Winslow, one guy with a pen, manages to make the writing sound like a five-piece band…instead of a mystery with two threads and a protagonist, I felt like I just watched a great concert. Part of the reason has to do with the fact that the main guy, Boone, has awesome backup. His team is called the Dawn Patrol, a group of surfers who meet in the water in the mornings before work (for all except Boone.)

The six, whose interests outside of surfing do not necessarily align, trust one another implicitly, and so when when things in water or on land get seriously out of whack or when one of the team does something really dumb and needs rescuing (happens to the best of us), the team surfaces, spreads out, calls on buddies…Talk about social networking…This is California, after all. Since everyone is fit and smart and good at what they do, having a team like this at one's back is like having a superpower.

Surfing for me is a little like fishing. I love reading about it. My first encounter with the concept and culture came in the form of an article by William Finnegan in The New Yorker, written years ago. It awoke in me something akin to awe, and ever since I read hoping to rekindle that early excitement I had about surfing. Winslow does a good job, but most importantly, perhaps, is that he is one of my tribe. Reading and surfing…Boone Daniels is a man after my own heart.
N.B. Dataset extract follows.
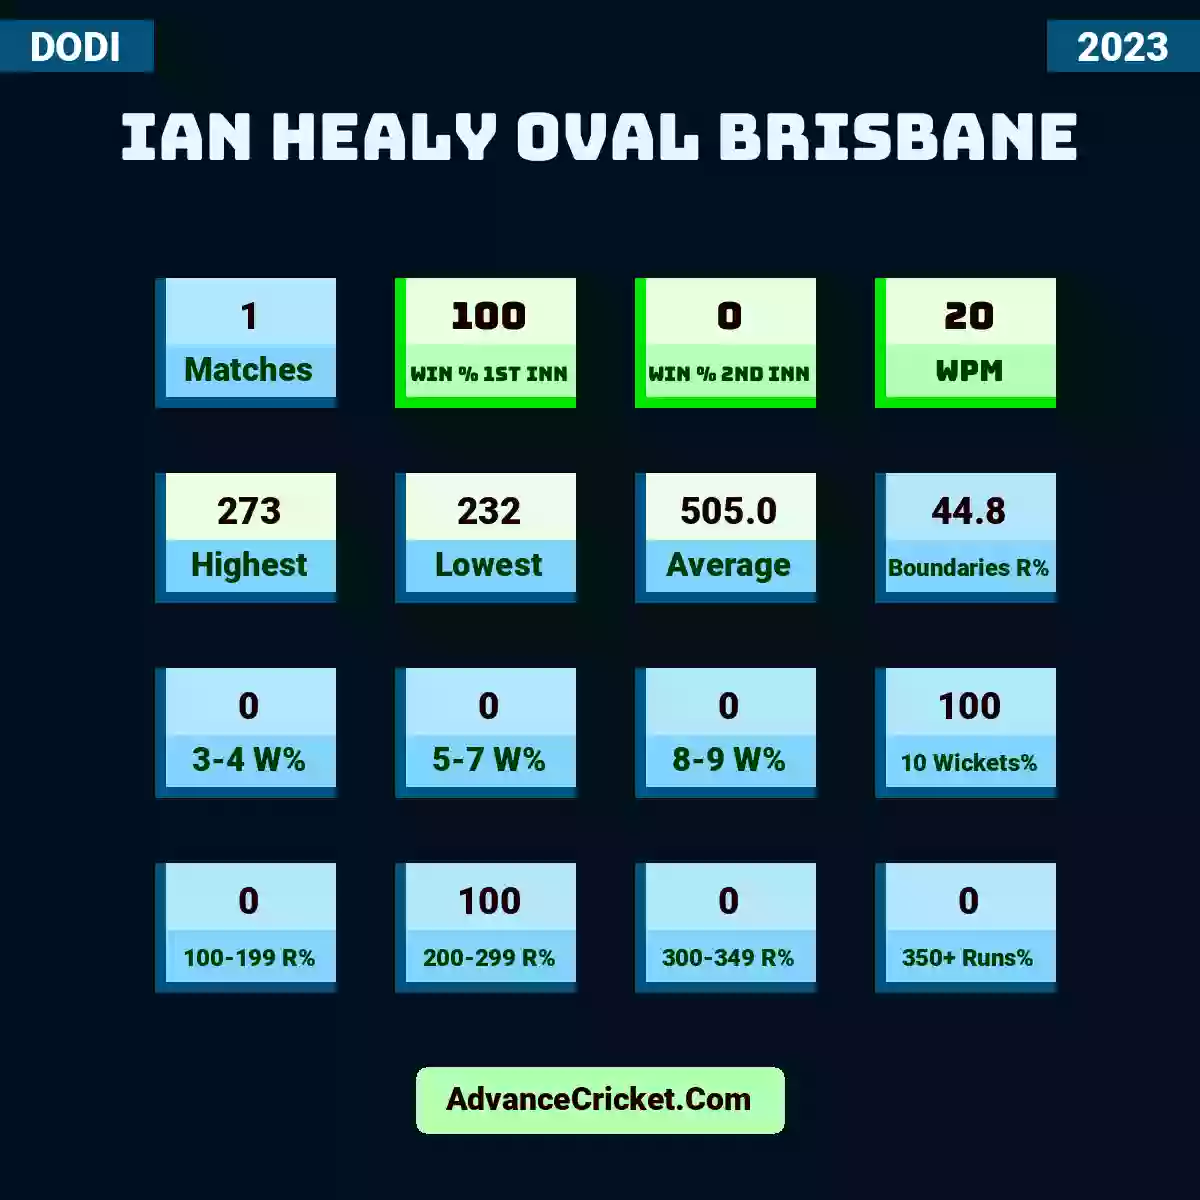 Image showing Ian Healy Oval Brisbane with Matches: 1, Win % 1st Inn: 100, Win % 2nd Inn: 0, WPM: 20, Highest: 273, Lowest: 232, Average: 505.0, Boundaries R%: 44.8, 3-4 W%: 0, 5-7 W%: 0, 8-9 W%: 0, 10 Wickets%: 100, 100-199 R%: 0, 200-299 R%: 100, 300-349 R%: 0, 350+ Runs%: 0.

So this story has many threads…what with all the folks out there, waiting for waves. We genuinely care about these characters with vulnerabilities, so we have skin in the game pretty quickly. The main story is that young (really young) Mexican girls are being brought in to Pacific Beach and sold for hourly trysts. The financial payoff is apparently sufficient to make liars and murderers of many marginally ethical folks, and their pressures exert a downward ‘domino effect’ on the society in which they operate. When this spills over to include Boone, he finds and condemns the source of the pressure.
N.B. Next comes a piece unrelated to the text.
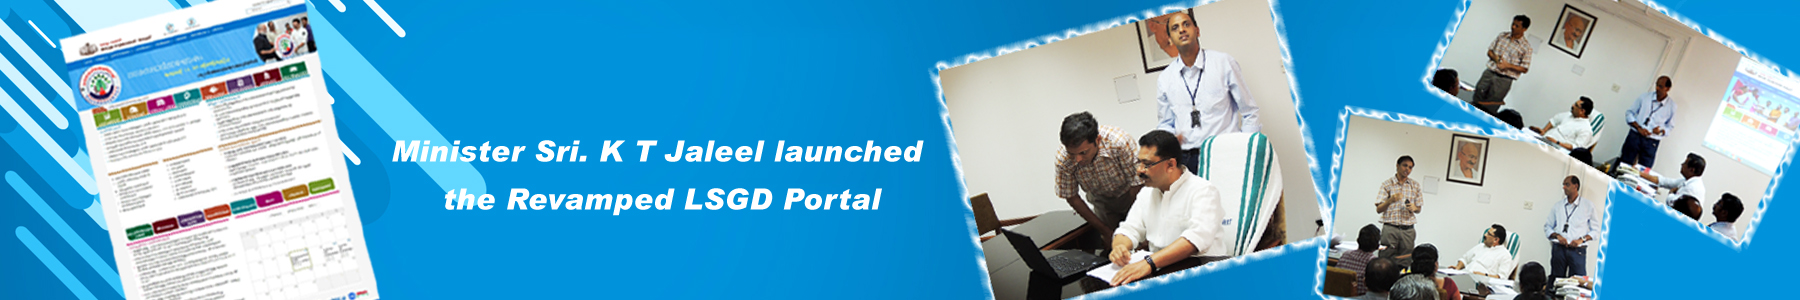 web-portal-launching

Winslow appears laid back in his vernacular, but anyone that can keep so many balls in the air is not casual in his writing. His writing is fit and tight and his storyline exercised and exorcised of fat. I love this stuff. If you are missing California, or not seeing enough of it in your daily commute, put a little light in your life with Winslow’s series. He gives us a sense that there are still people who have their values screwed on straight.